So this is what those fierce battles were about over confirming Supreme Court nominees. So this is why the liberal left fought so hard, and with occasional success, to keep Robert Bork and Clarence Thomas and other conservative nominees off the Supreme Court...

So this is what those fierce battles were about over confirming Supreme Court nominees. So this is why the liberal left fought so hard, and with occasional success, to keep Robert Bork and Clarence Thomas and other conservative nominees off the Supreme Court.

During the Bork battle in the fall of 1987, I wrote in this space: "The Goebbels-like campaign liberals mounted against Judge Bork was the most outrageous in our history. It featured intentional distortions, shrill personal attacks, blatant intellectual dishonesty, witness intimidation, demagoguery and lies. All this was well-received in the U.S. Senate, once known as the world's greatest deliberative body. ..."
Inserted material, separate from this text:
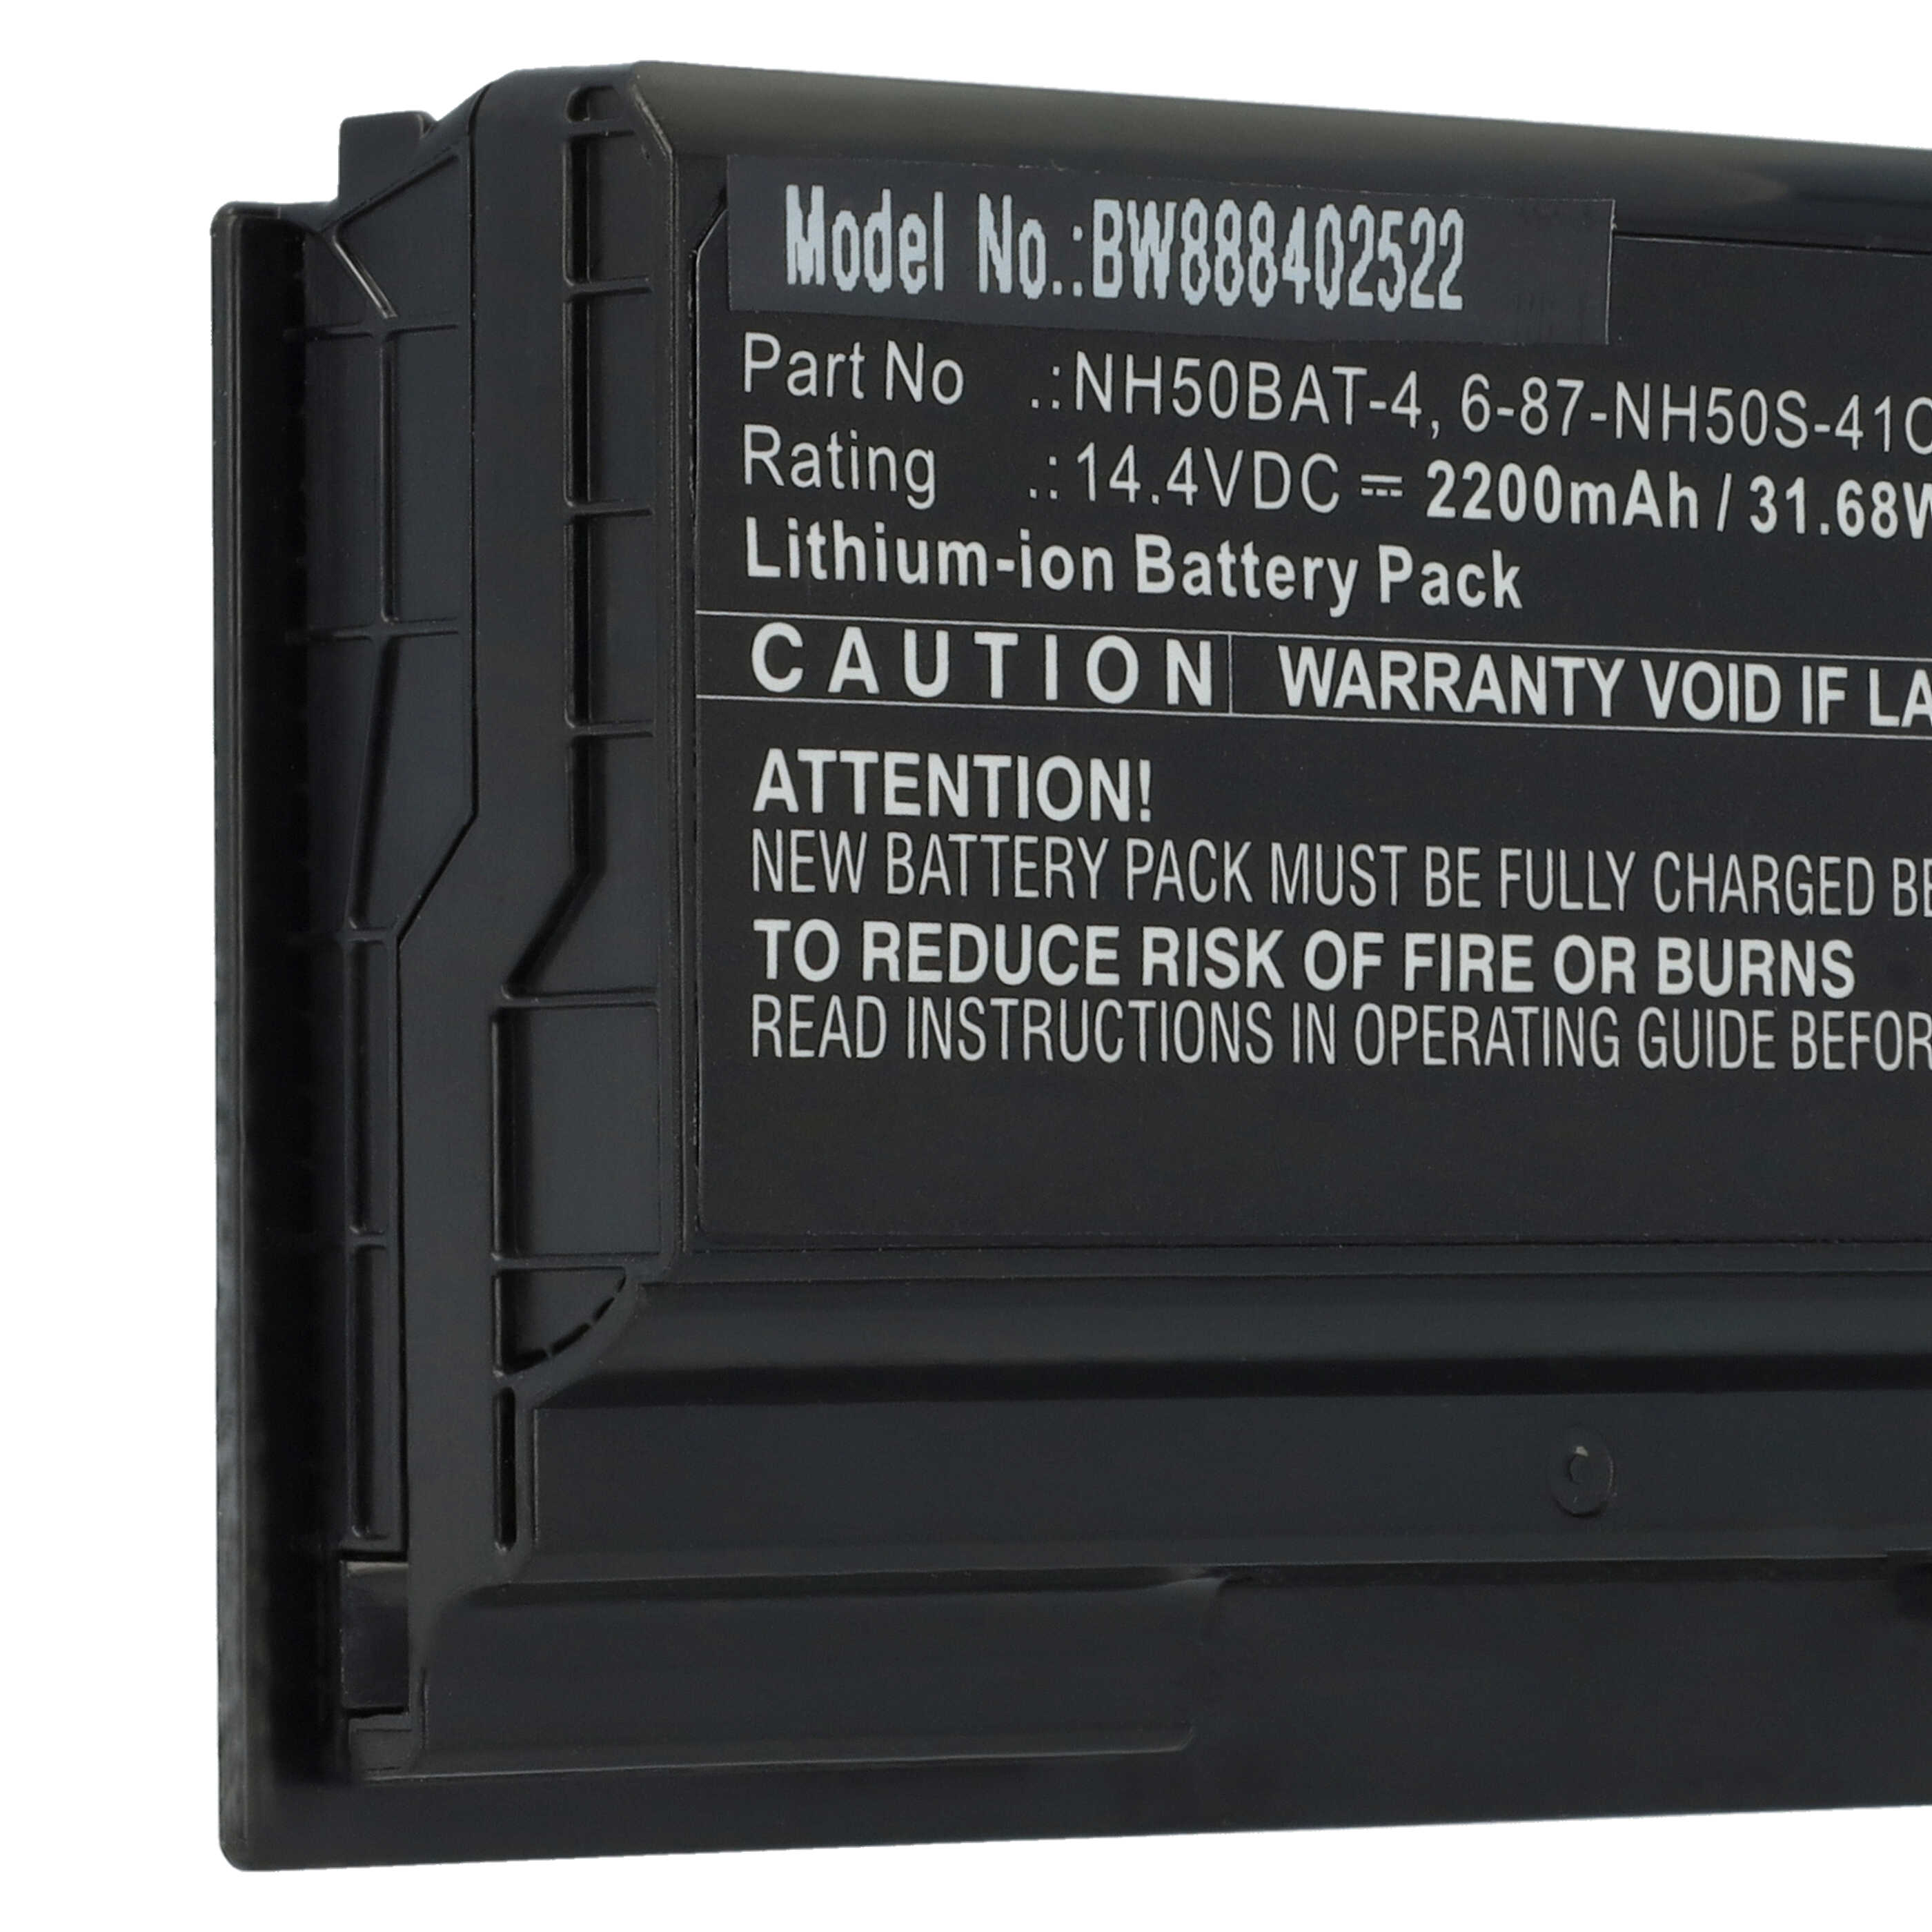 Akumulator do laptopa zamiennik Aorus 6-87-NH50S-41C00, NH50BAT-4 - 2200 mAh 14,4 V Li-Ion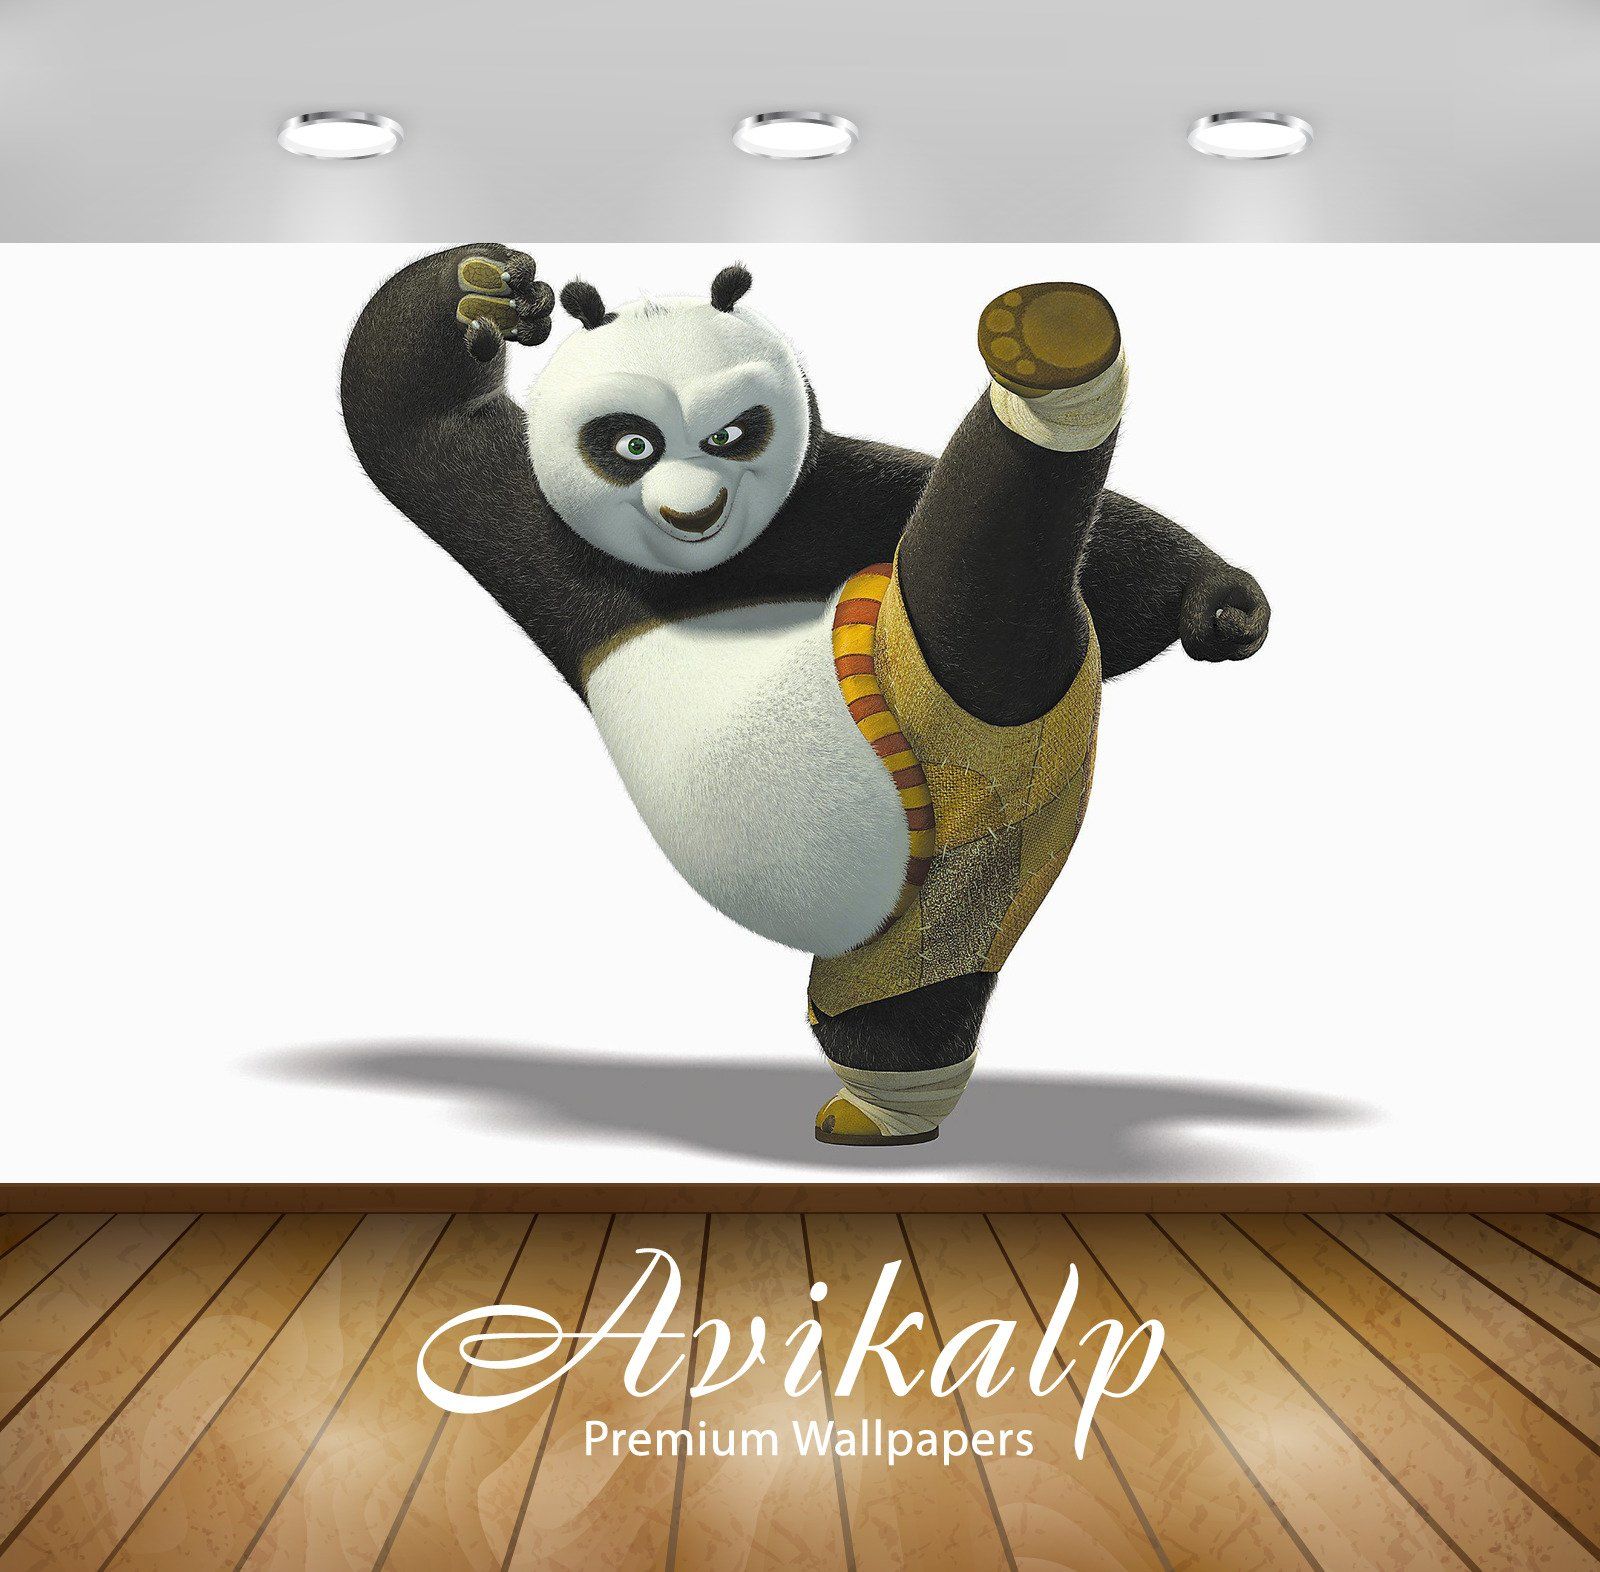 Avikalp Exclusive Awi3432 Kung Fu Panda Cartoon Full HD Wallpaper for Living room Hall Kids Room. Kids room wallpaper, Full HD wallpaper, 3D wallpaper cartoon

Again, this is why it was worth it to liberals, four years later, to abandon all previous standards, to engage, far past the 11th hour, in the politics of personal destruction, with a shamelessness previously unimagined, in the confirmation battle over Clarence Thomas. With the Thomas nomination, these liberal opponents signalled that all previous rules were off, that raw sewage could be dredged out of unconfirmed FBI reports, and even that it was worth it to shove out a former employee who had followed him from job to job and benefited time and again from his patronage, to tell her pathetic lies on national TV. As with everything else with liberals, strip away the pious rhetoric, and you see, again and again: It's about power.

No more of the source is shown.